Postfity, a social media scheduling tool, uses personalized slideouts built-in Userpilot to target the user who gave some negative feedback about e.g. a missing feature, once the feature in question is released:
Tools like Userpilot make it super easy to build such personalized user experiences – since creating them is completely code-free and can be done with a visual builder:
#3. Feature recommendations & template suggestions
Here’s an area that’s ripe for customization! Just a single question at signup about your customers’ potential use cases, and you have all the information you need to recommend helpful features and templates.
Zapier builds the question into its signup process by asking about favorite apps, much like Integromat. Then Zapier takes it one step further by telling users that they’ll receive personalized workflow recommendations based on their answers.
When customers know they’ll be deriving value from the information they provide, they’re all the more likely to answer your questions. And personalized recommendations will help get users to that “Aha!” moment faster.
#4. Account manager
Every user deserves personalized support when they run into an issue, but some accounts are more deserving of your time and resources. At Candu, we reserve the big guns for big accounts.

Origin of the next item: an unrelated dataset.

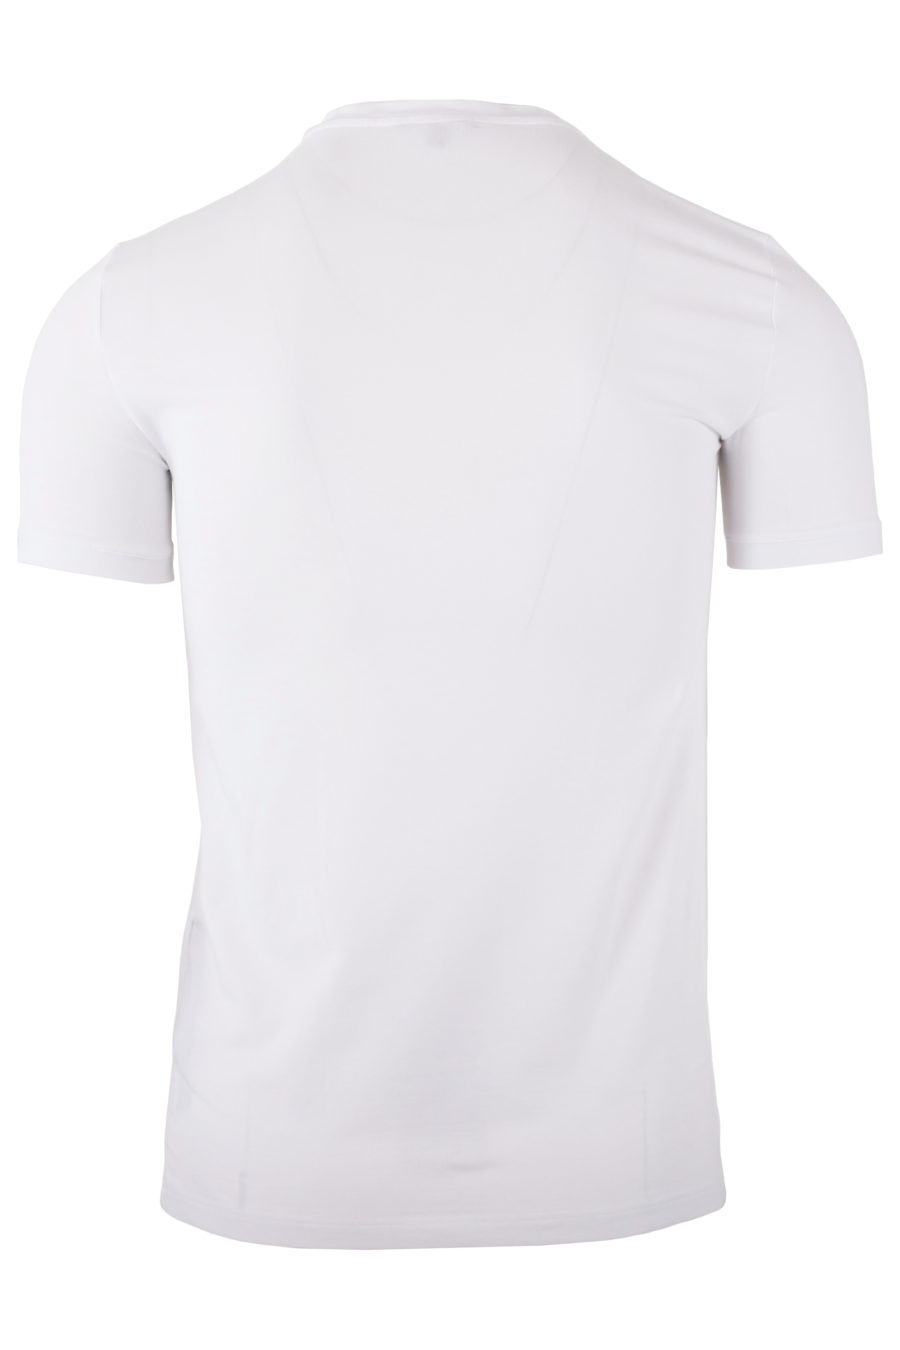 Camiseta interior de color blanco con logo bordado - a7f20953da9826d73beff6df73b248adfed836a3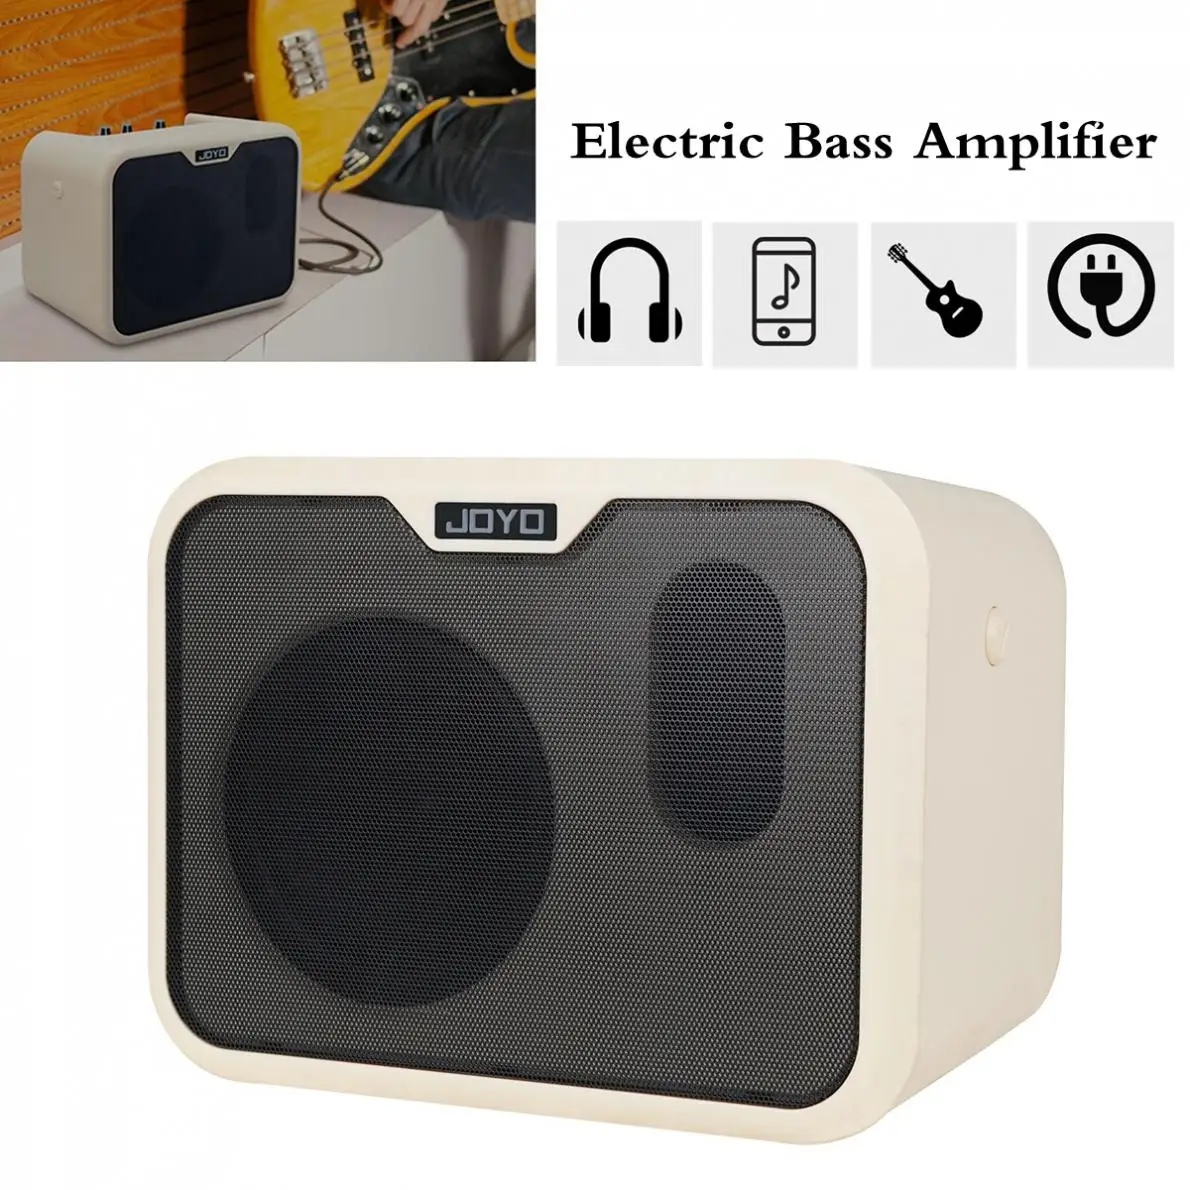 5 Inch Mini Portable Electric Bass Amplifier Speaker 10Watt Amp Normal / Drive Dual Channels  Power Adapter  Guitar Amplifiers enlarge

Enterprise customers get direct access to Georgia, our Head of Customer, while free trial users get a more generic “Contact Support” form.
Linking up different accounts with different account managers lets you connect users to the right support person with the right level of expertise. You can also segment by geographic location to connect users with local account managers who will help move them through the funnel.
#5. Upgrade CTAs
Hitting users with the upsell too soon can be a major turnoff. When it comes to upgrading prompts, use personalization to filter out new users who might feel harassed, and focus on those who have already experienced your product’s value.
Spotify waits until just the right moment to push an upgrade — when listeners have used up their six free song skips. Presumably, these users have already spent enough time in the app to understand the value of upgrading, and Spotify reaches them at the precise moment when they need the upgrade to continue experiencing that value.
Take advantage of your product’s premium features to determine when users are most receptive to upgrading, and personalize your CTAs to reach out to them with the right message at the right time.
Conclusion
To sum up – a personalized user experience can help your SaaS achieve a number of business objectives, at a much lower cost than most companies expect. With code-free tools like Candu or Userpilot, you can add elements of personalization to both your native UI and in-app experiences, as well as your website, in a fraction of the time it would take to custom-code them.